CURATOR Gregory O’Brien PUBLICATION essays Gregory O’Brien, Gerda Leenards
This show pays tribute to Wellington landscape painter Jane Pountney (1949–2004). Her paintings—an evolving romantic meditation on earth, sky, and water, boundaries and crossings—are familiar from earlier City Gallery shows, including Shifting Ground: Six Wellington Artists (1989) and The Figured Landscape (1995). Covering a period from 1987 to 2001, Wade in the Water encompasses the visionary intensity of her large canvases of the 1980s and early 1990s and the subtlety and intimacy of her subsequent work.
Pountney's White Terraces (1992)—from a series of paintings of the magical, mythical Pink and White Terraces—reclaims a site often painted by nineteenth-century landscape artists like Charles Blomfield.
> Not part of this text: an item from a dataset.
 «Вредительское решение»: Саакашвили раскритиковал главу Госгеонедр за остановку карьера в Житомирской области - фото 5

It is also a personal record, depicting a landscape with which Poutney was familiar—she remembers finding ash from the 1886 Tarawera eruption that destroyed the Terraces on her family’s farm in Galatea.
Two of Pountney’s late works are included: Eastbourne (2000) and Titahi Bay (2001). Here, subtle modulations of wind and light have replaced the surging energies of sea, land, and weather that characterised Pountney's early paintings, like Open Water and Lovely Thunder (both 1987).
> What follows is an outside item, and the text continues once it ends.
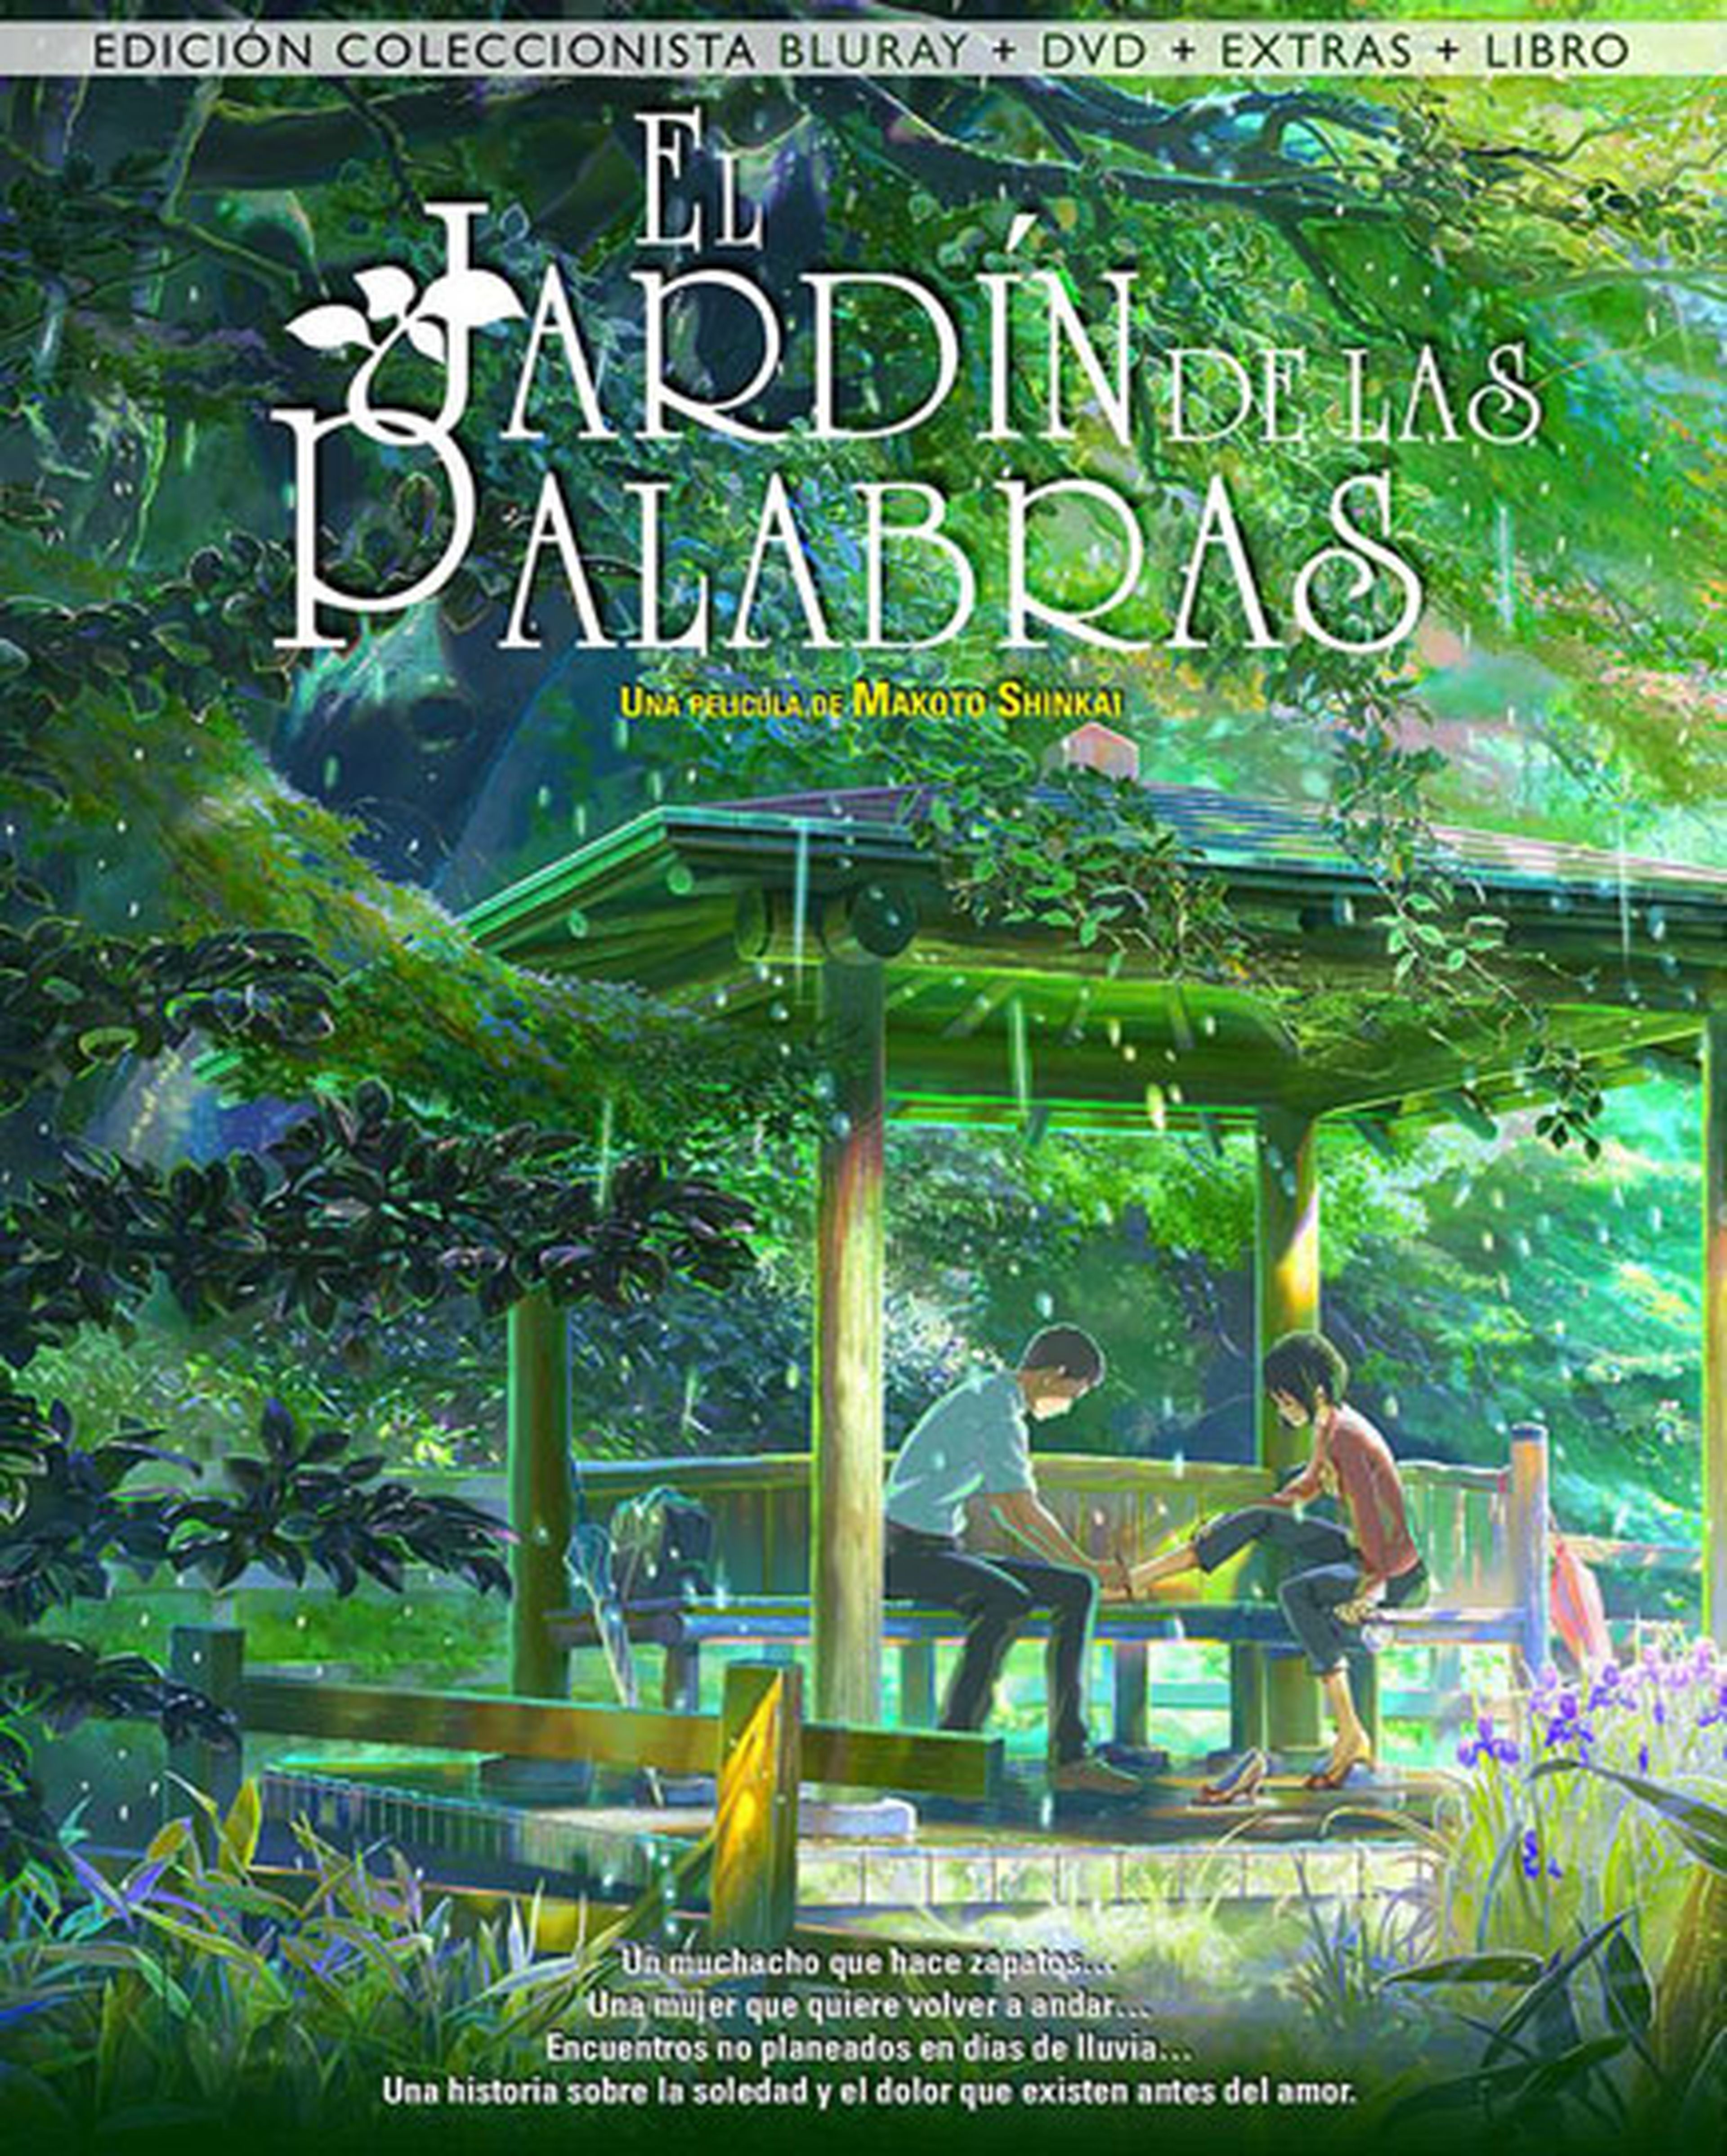 Edición en castellano de El Jardín de las Palabras

Like Katherine Mansfield before her, Pountney was entranced by the figures she observed on the beach at Eastbourne. When her beach paintings were exhibited at Idiom Studio in 2001, she wrote: ‘The paintings show the moments when the past, present, and future are folded in on one another. When the sun is coming up or going down, or you’re sitting mesmerised in the perfect cocoon of a warm car looking out. I wanted a sense of how tenuous yet beautiful, exciting and sensuous the “now” is’.
Pountney—who also taught high-school art—died of cancer on 30 January 2004. At her request, the Blind Boys of Alabama song ‘Wade in the Water’ is played at her funeral. Pountney’s work is in Te Papa and Auckland Art Gallery collections.